Recovery also became about “finding ways to make it harder to do the thing you don’t want to do and easier to do the replacement,” Gilman said. She discovered this overall concept of rerouting behaviors in residential eating disorder treatment (a program she was referred to by a therapist in college). One simple yet impactful hack is “leaving a Post-it [message] where I might go get something to hurt myself,” Gilman explained.
The school year after Gilman’s eating disorder treatment, she had a suicide attempt. “[Suicidal ideation] existed as a passive thing for a while until college, when I had my attempt,” she noted. With the mental health issues she’d experienced up to that point, along with isolation from friends, it was a “perfect storm of risk factors,” she said.
Gilman intended to temporarily withdraw from school and go to a residential program for depression. However, the plan changed when she booked a film, Daphne & Velma (she was Velma).
To be clear, she doesn’t advocate for putting off treatment—quite the opposite, actually.
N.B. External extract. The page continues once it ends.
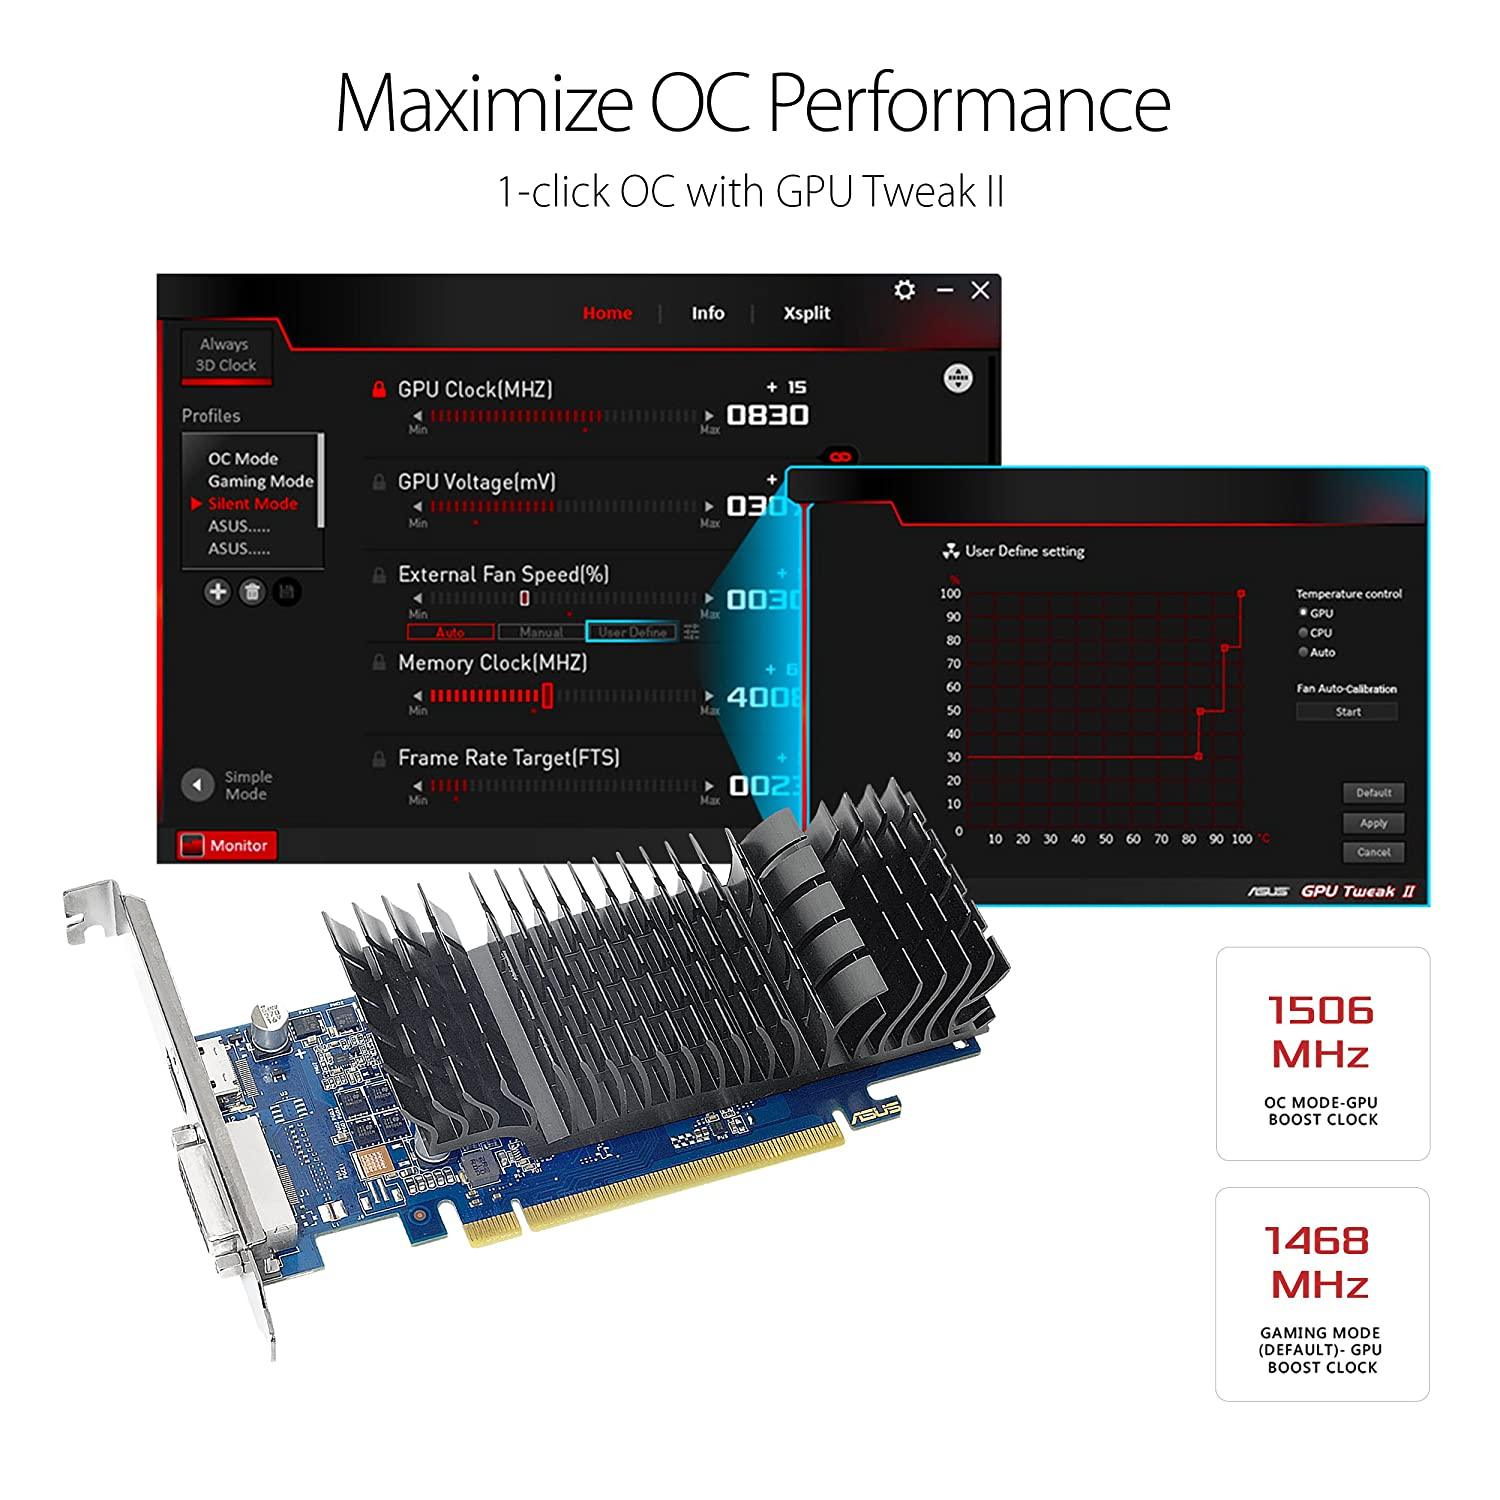 Asus GeForce GT 710 2GB GDDR5 HDMI VGA DVI Graphics Card-GRAPHICS CARD-dealsplant

But at the time, Gilman’s dad came to the movie set and she embraced the work she enjoyed. “When you’re doing something you love, it’s also easier to be like, ‘I’m happy to be here.’ And I do think that after my attempt—and you [may] hear this with people [who] survive attempts—I was filled with this really passionate affirmation that I wanted to be alive,” she explained.
That initial certainty faded, and loneliness ensued, but Gilman said her therapist significantly helped. “One of the things she did that I appreciated is she would make a contract with me when I was feeling especially suicidal in between meetings … you sign that you won’t take your life,” Gilman said. “It just helps, on days when you can’t stay for yourself, to stay for someone else. … I really credit [my therapist] with helping me survive that time to get to a place where I did want to look for reasons to stay.”
The actress took a break from therapy until recently. As of now, she sees a therapist for “touch-ups” when she’s feeling stuck, and she has safety plans for potential mental health crises.
Gilman knows that recovering from anything is neither linear nor comfortable. “Recovery is painful, but it’s worth it,” she said. “You think recovery is going to be great and good, but most of the time, it’s uncomfortable at the beginning. That means you’re challenging yourself to change.”
Gilman doesn’t refer to herself as fully recovered, though she’s further along than she ever thought possible, she said. “I will always be in recovery. Sometimes I have my slips—and I call them my slips, not slides, because I don’t think, all of a sudden, that means I’m out of recovery [either],” she noted. “Recovery is a state of mind more than a destination or a place.”
Progress, for Gilman, happens beyond therapy by filling out mindfulness and dialectical behavioral therapy workbooks and by staying grounded. “I, as a human being who wants to be here, have an obligation to myself to find ways every day to reaffirm that. I think about being a hot air balloon and finding ways to tether myself to the world,” she said. “Small and big tethers.” Some things she loves: trees, crows, reading, mental health advocacy (she works with orgs like The Mental Health Coalition, Didi Hirsch, and To Write Love on Her Arms).
At the end of our call, I tell Gilman that her younger self would be happy seeing adult Sarah in an improved mental space. Despite tough days, she’s doing better. She is here.
“Yeah, a hundred percent. I think she’s in there; she’s watching,” Gilman says. “I mean, she didn’t think we’d live past 15. She wrote that on her wall, and it was very awkward when a painter came.” We can’t help but laugh. Because as hard as conversations like this are, life has a funny way of being, well, hilarious. And there it was…a tether.